Chance für Solarstrom: Mehr „e“ im Betrieb
Die zunehmende Elektrifizierung (eAutos, eRadlader, Ventilatoren, Spaltenroboter, …) dürfte noch mehr Abnehmer für Sonnenstrom schaffen. Perspektivisch wird ein Markt entstehen für ausgemusterte, günstige Batterien aus dem Mobilitätssektor, die eine verringerte Kapazität aufweisen, aber zur stationären Weiternutzung genutzt werden können.
Tipp: Theoretisch passt zu PV-Anlagen eine eigene kleine Windenergieanlage (KWEA), denn am meisten Wind gibt es in den Wintermonaten (geringe Sonneneinstrahlung). Eine KWEA ist im landwirtschaftlichen Betrieb im Außenbereich genehmigungsfähig, allerdings muss der Eigenverbrauch dazu mehr als die Hälfte der Erzeugung betragen. Bei Kosten von 15 bis 30 ct/kWh sind solche Anlagen wohl eher in Küstenregionen rentabel.
Biogas in Kombination mit Güllelager
Kleine, mit Gülle betriebene 75 kW-Biogasanlagen lohnen sich vor allem dann, wenn ein Güllelager schon vorhanden ist oder ohnehin gebaut werden muss. Im Gegensatz zu größeren Biogasanlagen laufen Kleinbiogasanlagen hauptsächlich mit Gülle und Mist (max. 20 % NawaRo). Nötig sind neben freier Arbeitskapazität von etwa einer Stunde pro Tag, Gülle oder Mist von mindestens 180 GV Rindvieh. Ab ca. 250 Kühen plus Nachzucht kann die Anlage auf 75 kWh gefahren werden, andernfalls ist eine Gülleaufnahme angeraten.
Für die Zukunft bauen
Betriebe mit weniger als 250 Kühen sollten auch dann das Güllesystem „biogaspassend“ bauen (Schieberentmistung, kein Lagerraum unter dem Stall, Genehmigung auch für Gärrestelagerung etc.), wenn sie derzeit noch keine Anlage errichten.

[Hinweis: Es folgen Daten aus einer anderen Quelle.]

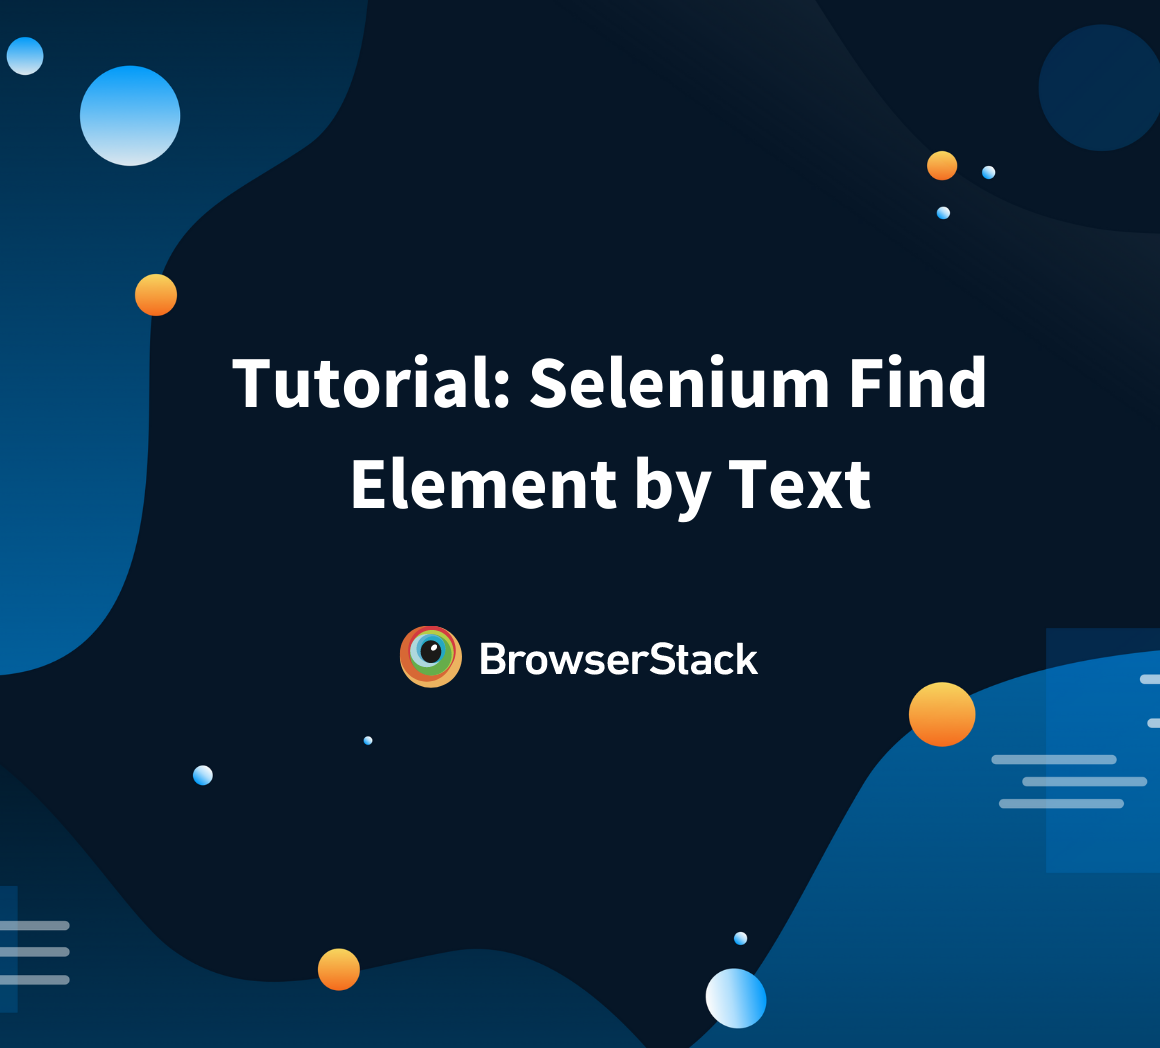 Tutorial: Selenium Find Element by Text

Sollten künftig „Minibiogasanlagen“ (30 bis 40 kW) höher gefördert werden oder durch Klimaauflagen die Vergärung von Gülle/Mist zur Pflicht werden, ist eine Nachrüstung oder eine Kooperation mit einer bestehenden Biogasanlage einfach möglich. 75 kW-Biogasanlagen eignen sich zwar nur bedingt zur Wärmenutzung (z. B. zum Heizen verschiedener Einfamilienhäuser), können aber positive Nebeneffekte bieten (Unterstützung bestehender Heizungsanlagen, Arbeitskomfort durch Fußbodenheizung im Melkstand, Querfinanzierung des Lagerraums für den Milchkuhstall, …).
Baukosten niedrig halten!
Eine 75 KW-Kleinbiogasanlage kann bis zu 30.000 € an zusätzlichem Einkommen beisteuern (Übersicht 1). Allerdings müssen zuvor in aller Regel zwischen 600.000 und 1 Mio. € , abhängig vom zu erstellenden Lagerraum, investiert werden. Daher sind niedrige Baukosten der Schlüssel zum wirtschaftlichen Erfolg einer Biogaskleinanlage.
Übersicht 1: Kalkulation einer 75-kW-Biogasanlage
Tipp: Eine an den unterschiedlichen Abschreibungszeiträumen (BHKW, Technik, Gebäude/Behälter) orientierte Finanzierung in drei Krediten mit entsprechender Laufzeit hilft, Liquiditätsengpässe nach acht bis zehn Jahren Betriebszeit zu vermeiden.